Possibly also disliked is that FBH affiliated club members or IHS members can get into the big reptile shows early. This simply gives some benefit of actually joining one of the reptile clubs to the membership- why wouldn't a club that's put a lot of time and effort in to organise a show (all voluntarily- no one gets paid from organising or running the shows) from letting their members in early, it only seems fair to me.

I think being a part of one of the local reptile groups can only be a good thing as it enables much better coordination within our hobby (as well as making great friends) rather than a rag tag of individual keepers snapping at each other over the internet.


----------



## v-max (Aug 12, 2014)

iron-clover said:


> I personally think the FBH is a good idea- it helps to join all the disparate clubs under one umbrella organization which means its easier to organise the large breeders meetings (Kempton) and also sink funds into legal action if necessary as well as provide a group that can lobby government on related acts of parliament- they were quite involved in the welfare act 2005 which can only be a good thing- there were very serious threats to keeping animals as pets that could have appeared through that bill that the vast majority of keepers were blissfully unaware of.
> Same thing goes for the Invasive species acts which are going through the EU at the moment, which could effectively ban keeping exotics throughout the EU if it is left without groups such as the FBH getting their input in.
> 
> Your friends might not like the FBH as it doesn't give financial support to groups that are not affiliated to it such as the 'rogue' show that happened in the West country. As far as I heard the FBH did liase with the organizers and did warn them that they were opening themselves up for legal action from the antis but were ignored, resulting in the fall out we all saw last year.
> ...


Nice to see appreciation, sometimes it can appear to be a thankless task, probably for all involved within the FBH and IHS. 

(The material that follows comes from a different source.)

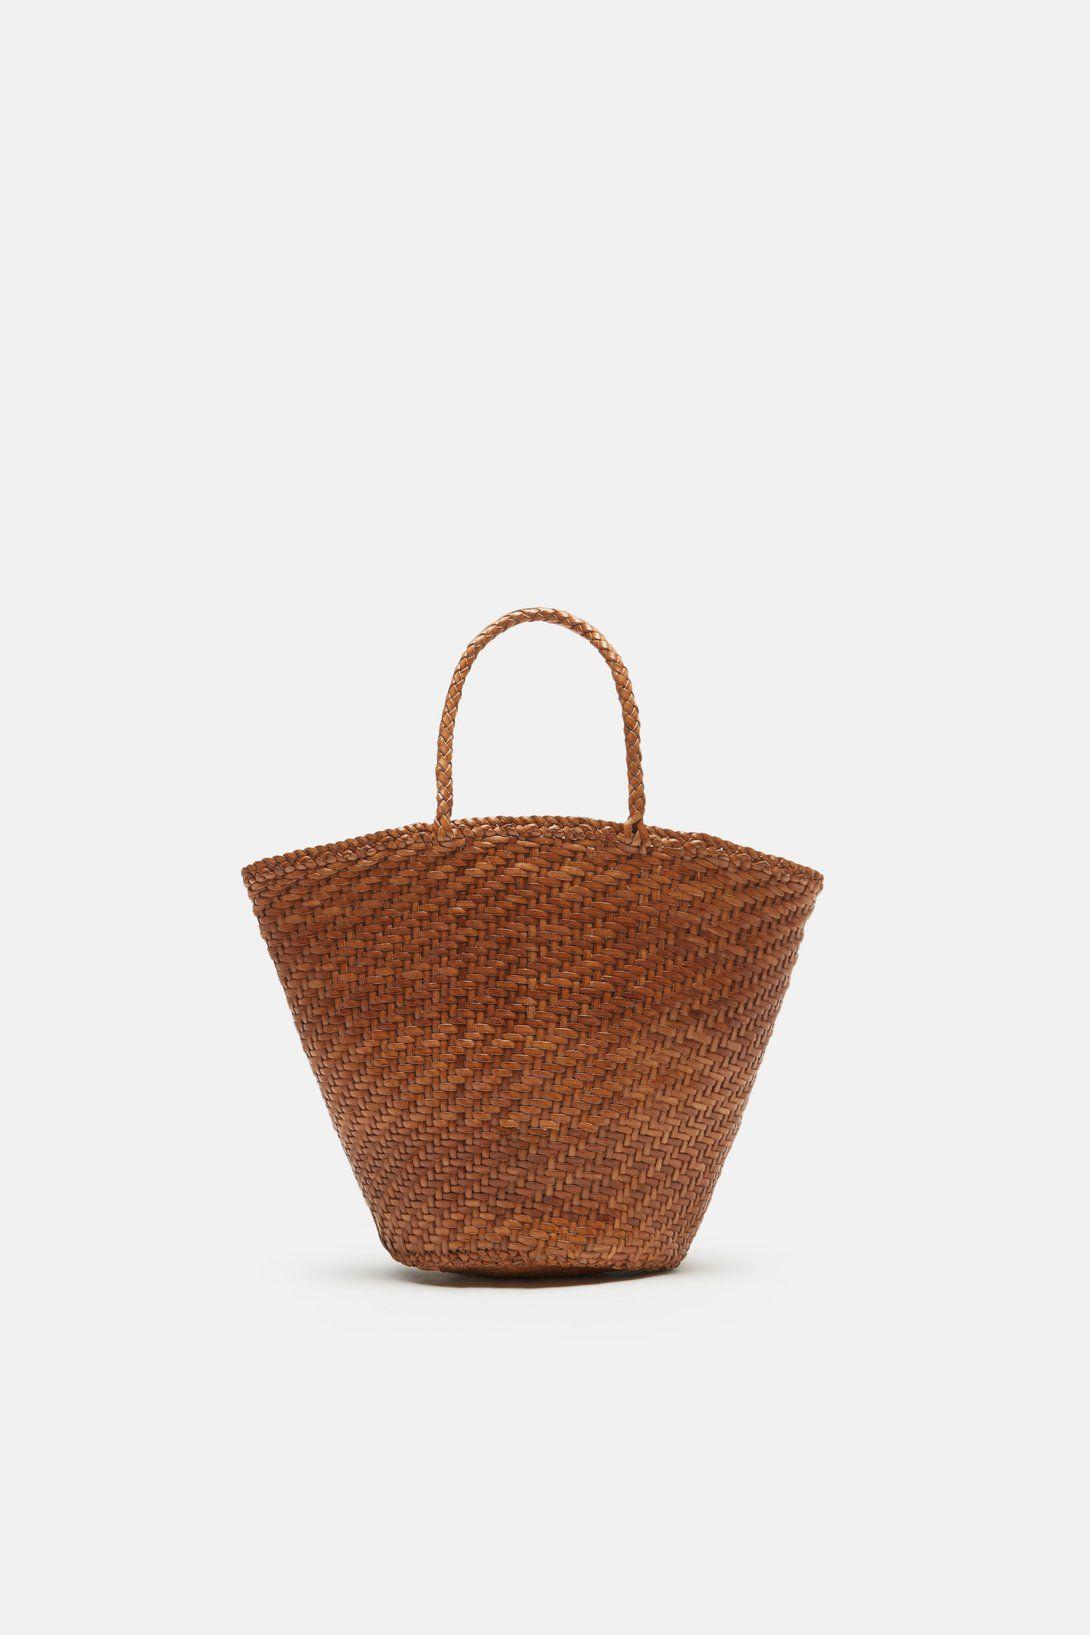 Myra Basket Bag Mini - Tan   Basket bag, Minis and Luxury sunglasses

Your final paragraph, the internet has evolved into a powerful and incredibly useful tool. However, its still in its infancy and its far too easy to create all kinds of negativity. I think, in a few years time it may have some kind of social etiquette but as it stands social bickering can be nothing short of a complete pain in the bottom........

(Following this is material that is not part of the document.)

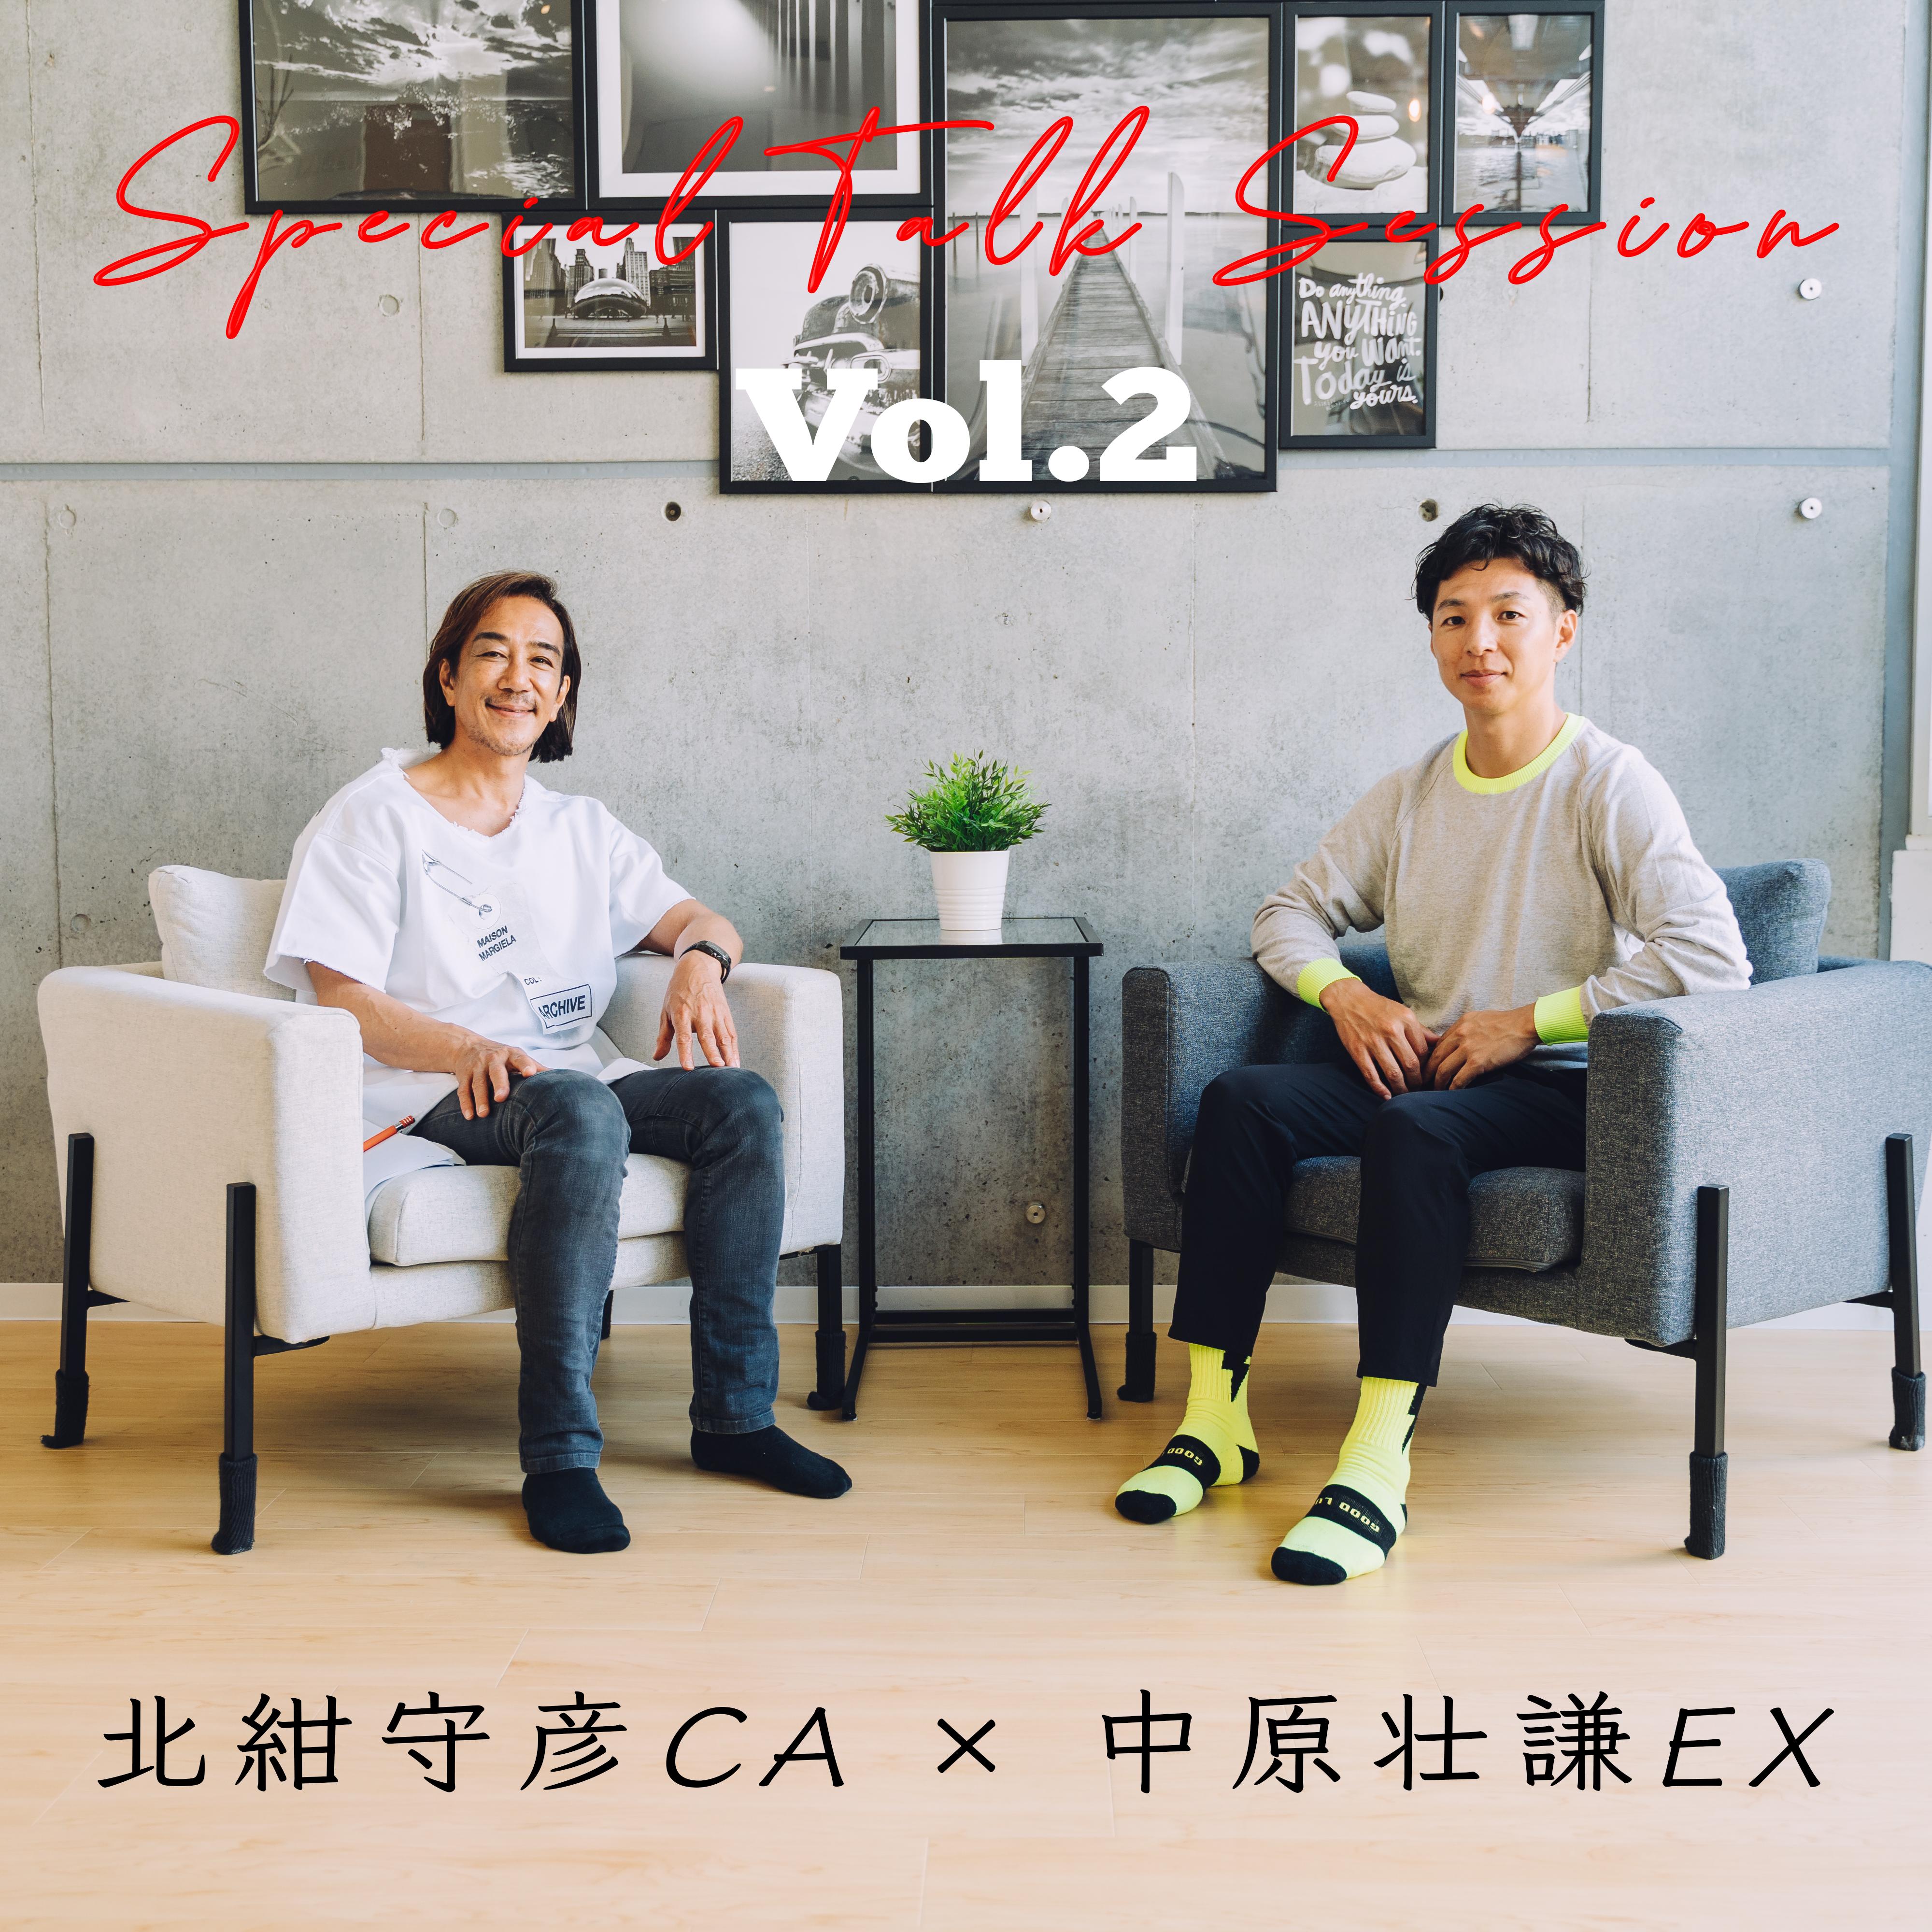 配信: Special Talk Session 【中原壮謙EX✖️北紺守彦CA】  vol.2

I'll stand back now...... :whistling2:


----------



## Kirkgrey (Aug 25, 2011)

Cheers for the response people much appreciated I wish I had a local branch closer to me I know there is one in Darlington which is only about 30 miles but not driving and no direct bus route it might as well be in London haha think it might be time to rejoin the ihs And an aside to my original post about not knowing any of the top brass at the IHS if they jumped up and bit my arse i retract that as I did not know Kevin Stevens was on the board I still don't know him personally but have meet him a few time and do know who he is Again thanks for the replys


----------



## Khonsu (May 20, 2009)

Just back from Doncastor, June 2015, show was good as ever but more importantly attended the FBH conference on the Saturday, really good/very interesting selection of speakers, good Q&A's, can recommended that any one that cares about the hobby really should go at least one, myself I'll be there next time around.


----------